The cost of sending and receiving messages using GPRS means a minefield of tariffs across all the operators but, at the end of the day, relatively similar and expensive across the board. And beware GPRS roaming costs.
GPRS also remains painfully slow most of the time. That's not a huge problem for email but any internet-based browsing services take – no matter what the ads might say – painfully longer than dial-up over 56Kbps modems, for example. Roll on EDGE and 3G networks.
Texting with a keyboard-based device, however, is liberating and a real boon.
Battery life varied depending on usage though the BlackBerry seemed to come out best, easily lasting for over a week.
For its design, its openness and being based on the reliable and easy-to-use Palm OS, the Treo 600 gets the nod from me today.
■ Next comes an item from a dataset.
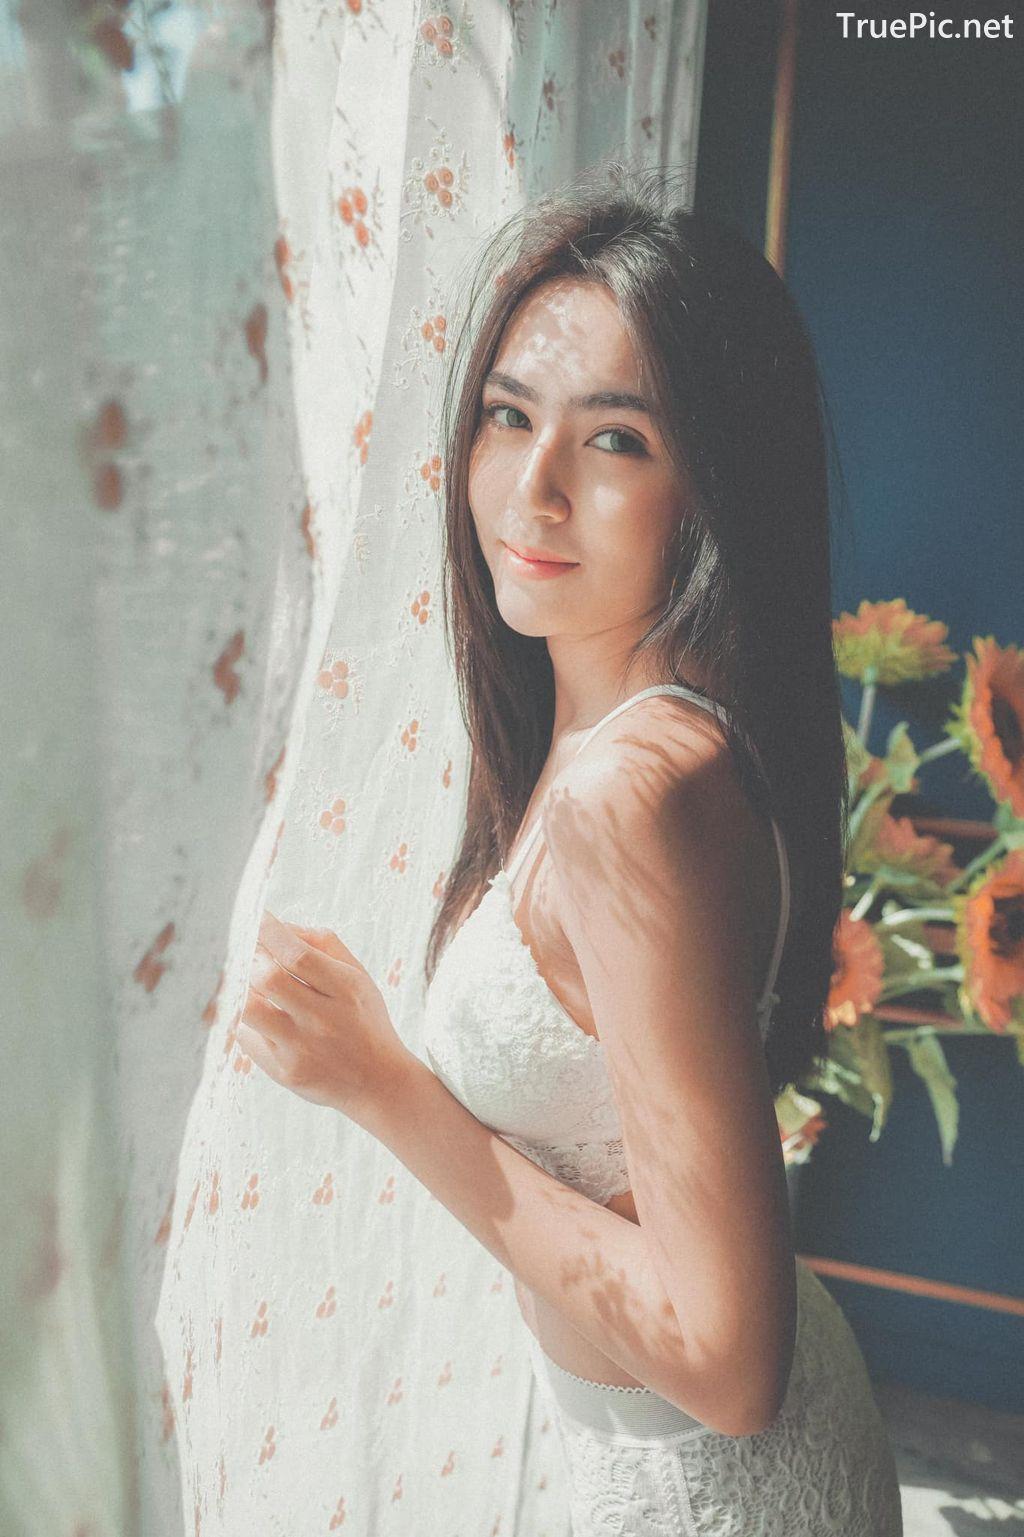 Image-Thailand-Model-Baifern-Rinrucha-Kamnark-White-Lingerie-TruePic.net- Picture-5

However, this comparison over the past three months or so, while showing the right device, marketed the right way can drive smart phone adoption forward, also leads me on to red flags for any organisation.
Set up for synchronised email must be easier. Per megabyte costs must be more transparent and lower, and the overall benefits in terms of increased productivity to an individual or organisation must be easier to calculate.
Microsoft-based smart phones will continue to get better – witness the latest Orange SPV E200 – and there will be sharply increasing numbers of phones based on the Symbian OS, and not just from Nokia or in Europe.
But there are still two aspects of this market. Though it is now finding its feet, it is no certainty who will walk off the winner, in terms of operators, handset makers, software vendors – and indeed user organisations.